Various protective devices have been proposed for separating harmful laser energy wavelengths from nonharmful or desired optical energy wavelengths, i.e., ultraviolet, visible and infrared wavelengths. For example, it has been proposed to remove laser energy using a single glass substrate having multiple dielectric coatings. As more coatings are applied, greater percentages of the laser energy are removed, but the visible radiation losses increase very rapidly. Thus, as a practical matter, a single glass substrate with coatings generally cannot remove more than a few orders of magnitude of the laser energy without incurring significant visible spectrum losses.
Sarna U.S. Pat. No. 3,792,916 discloses an optical filter assembly adapted to remove laser energy in the central range of the visible spectrum. This filter assembly comprises multiple Fabry-Perot type filters which have several disadvantages. For example, a Fabry-Perot filter is a multilayer film and spacer assembly that must be extremely accurately controlled as to thickness. This significantly increases the cost of the Fabry-Perot filter.

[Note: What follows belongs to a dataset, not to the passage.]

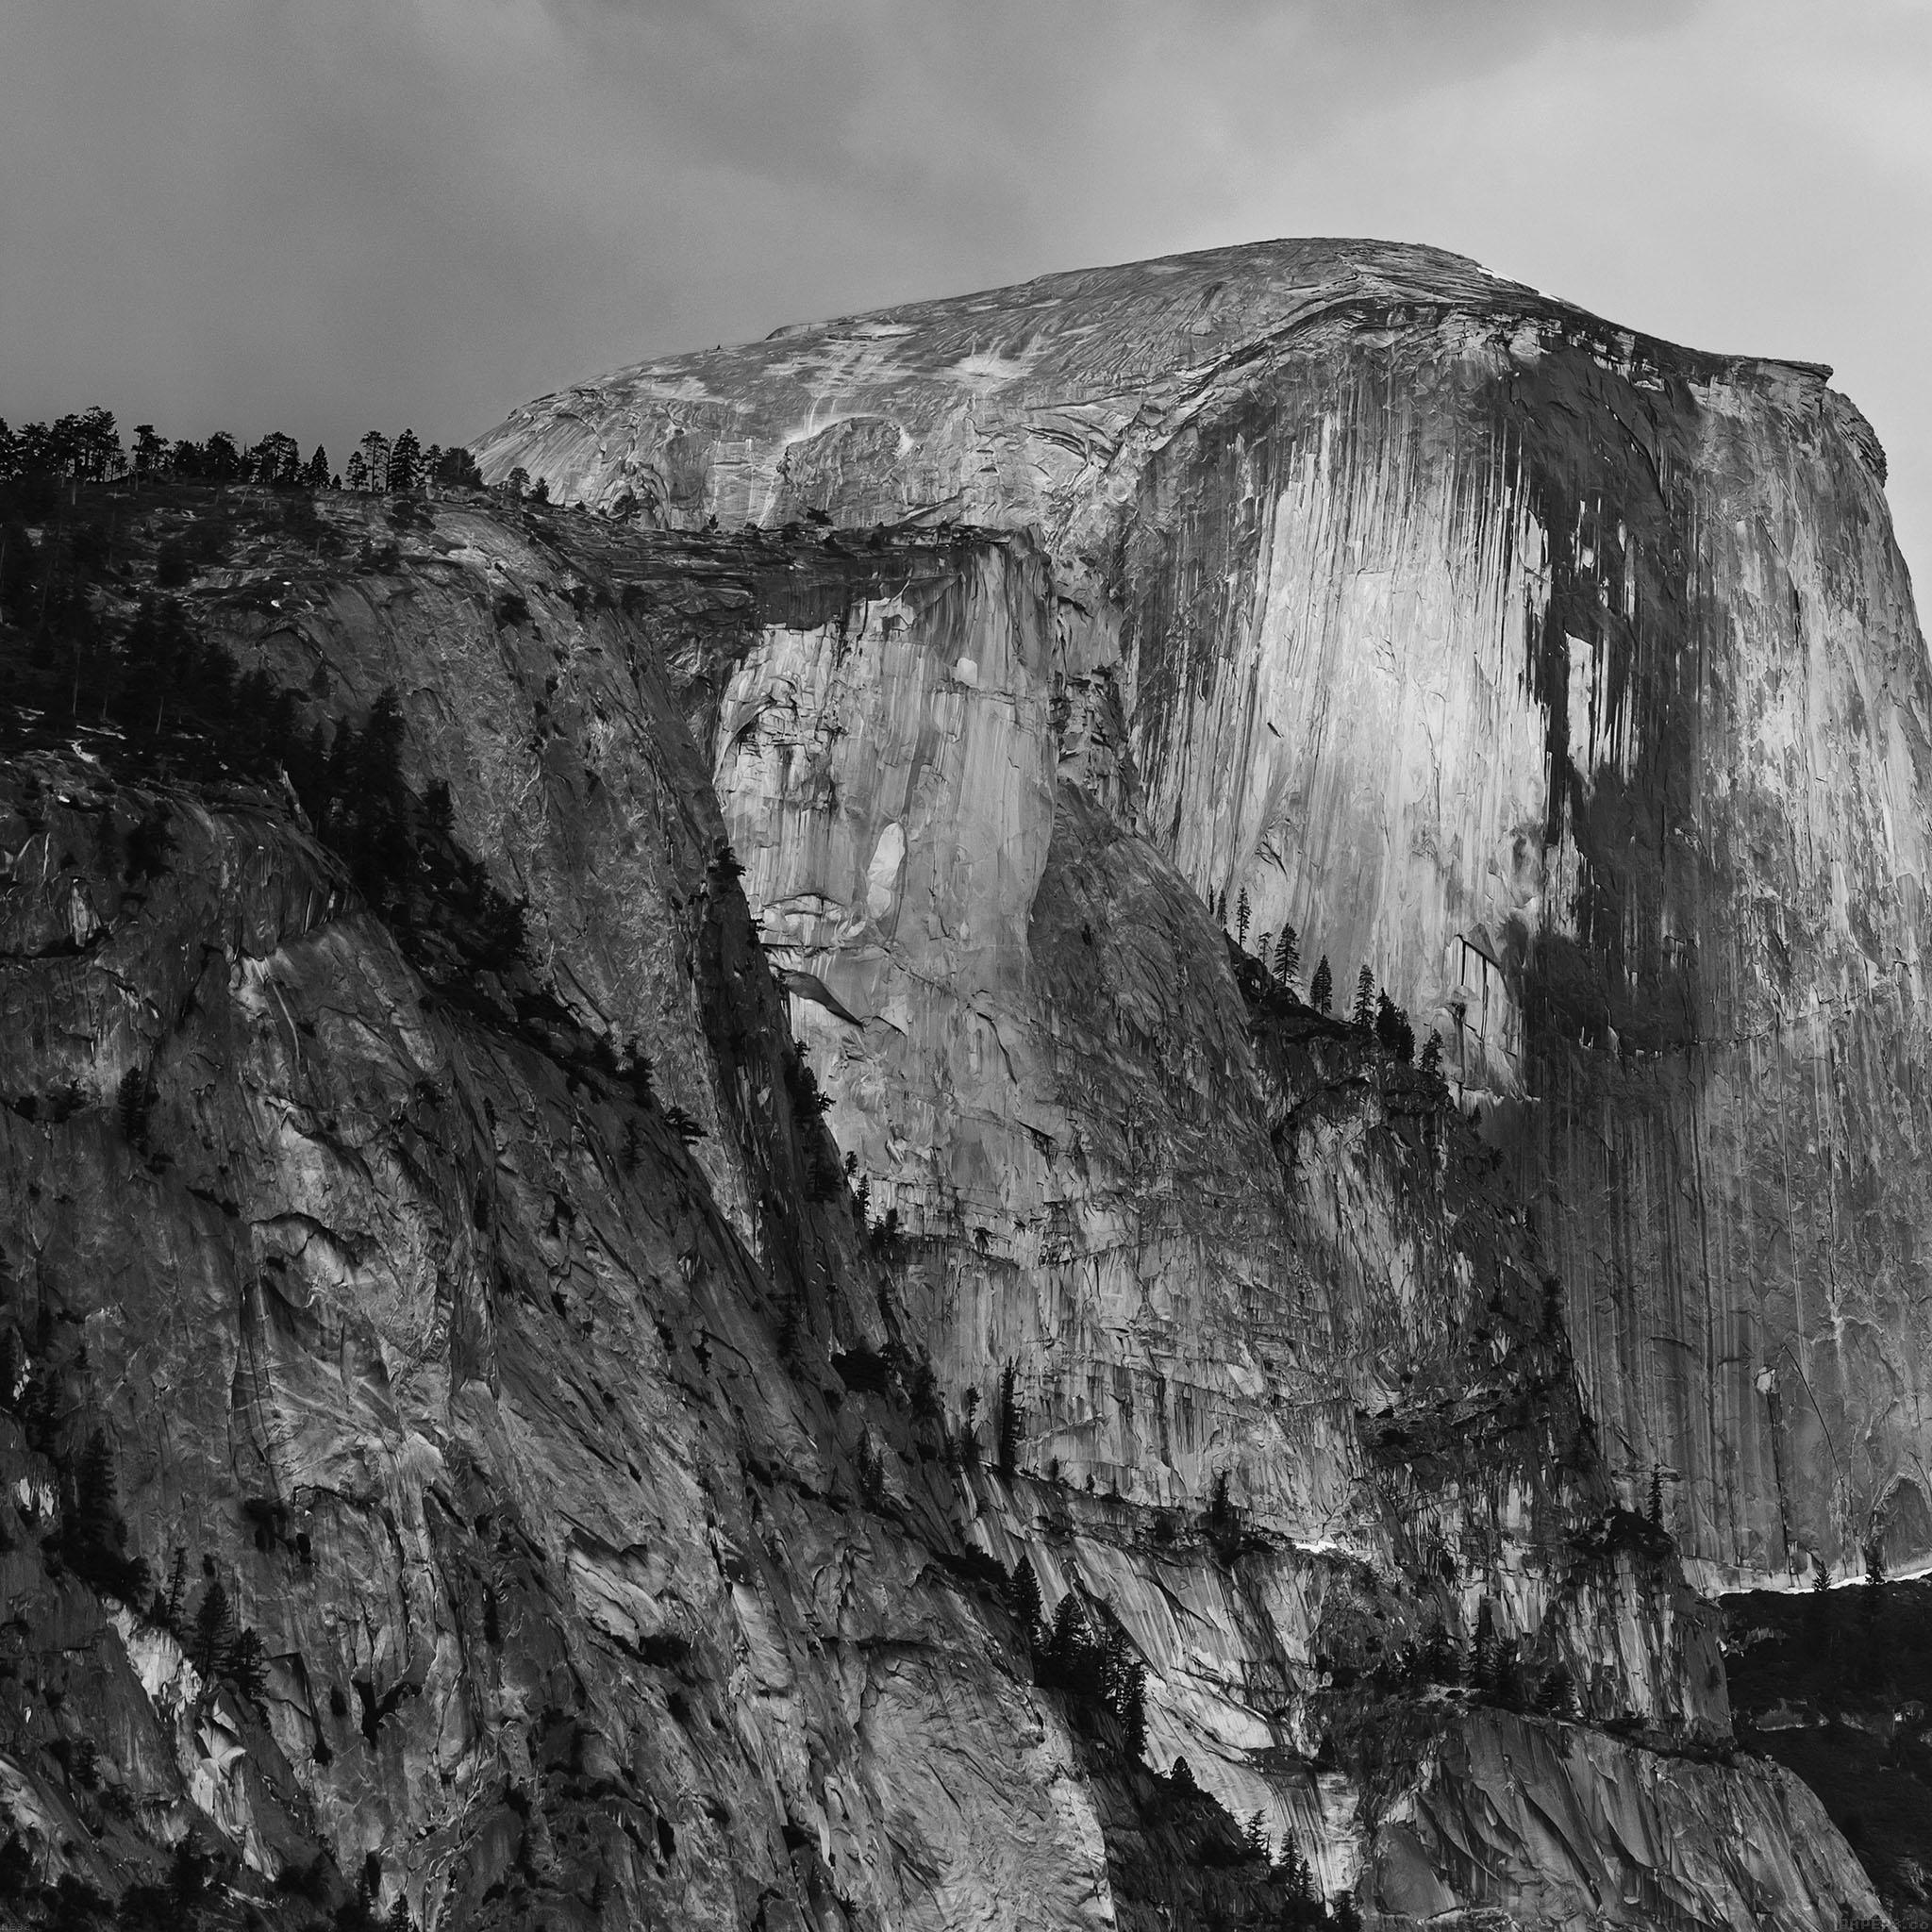 Osx Yosemite: WALLPAPERS

Of perhaps greater importance is the fact that the most common battlefield laser provides laser radiation at a wavelength of 1060 nm. The characteristics of the Fabry-Perot filter of the Sarna patent are desirable for removing mid-visible spectrum laser energy from a visible optical path but are totally unsuited for use in protecting a visible path from laser emissions of wavelengths outside the central range of the visible spectrum. Specifically, a Fabry-Perot type filter acts as a narrow band filter which transmits laser radiation in this narrow band and reflects all other radiation. Alternatively, when considering the reflectance curve, the Fabry-Perot filter acts as a notch filter. Immediately outside of the notch, reflectance is high but the reflectance curve droops, i.e., the percent of reflection drops off as distance from the notch increases. This is acceptable when the notch is near the center of the visible range because, in this event, no significant reduction in reflection occurs within the visible range. However, if a Fabry-Perot type filter were used to exclude laser radiation outside the visible range or in the boundary layer visible range, the region of reduced reflection would span all, or a part of, the visible range thereby excluding substantial quantities of visible radiation. This is, of course, unacceptable and means that the Sarna Fabry-Perot filter assembly is not usable to exclude non-visible laser emissions, such as the 1060 nm laser rangefinder commonly used on the battlefield, from a visible optical path.
Finally, the Fabry-Perot filters are very sensitive to thermal changes and changes in the angle of incidence. As a result, the notch in the reflectance curve shifts somewhat with thermal changes and angular deviations, and this can cause the Fabry-Perot filter assembly to exclude insufficient percentages of the laser energy.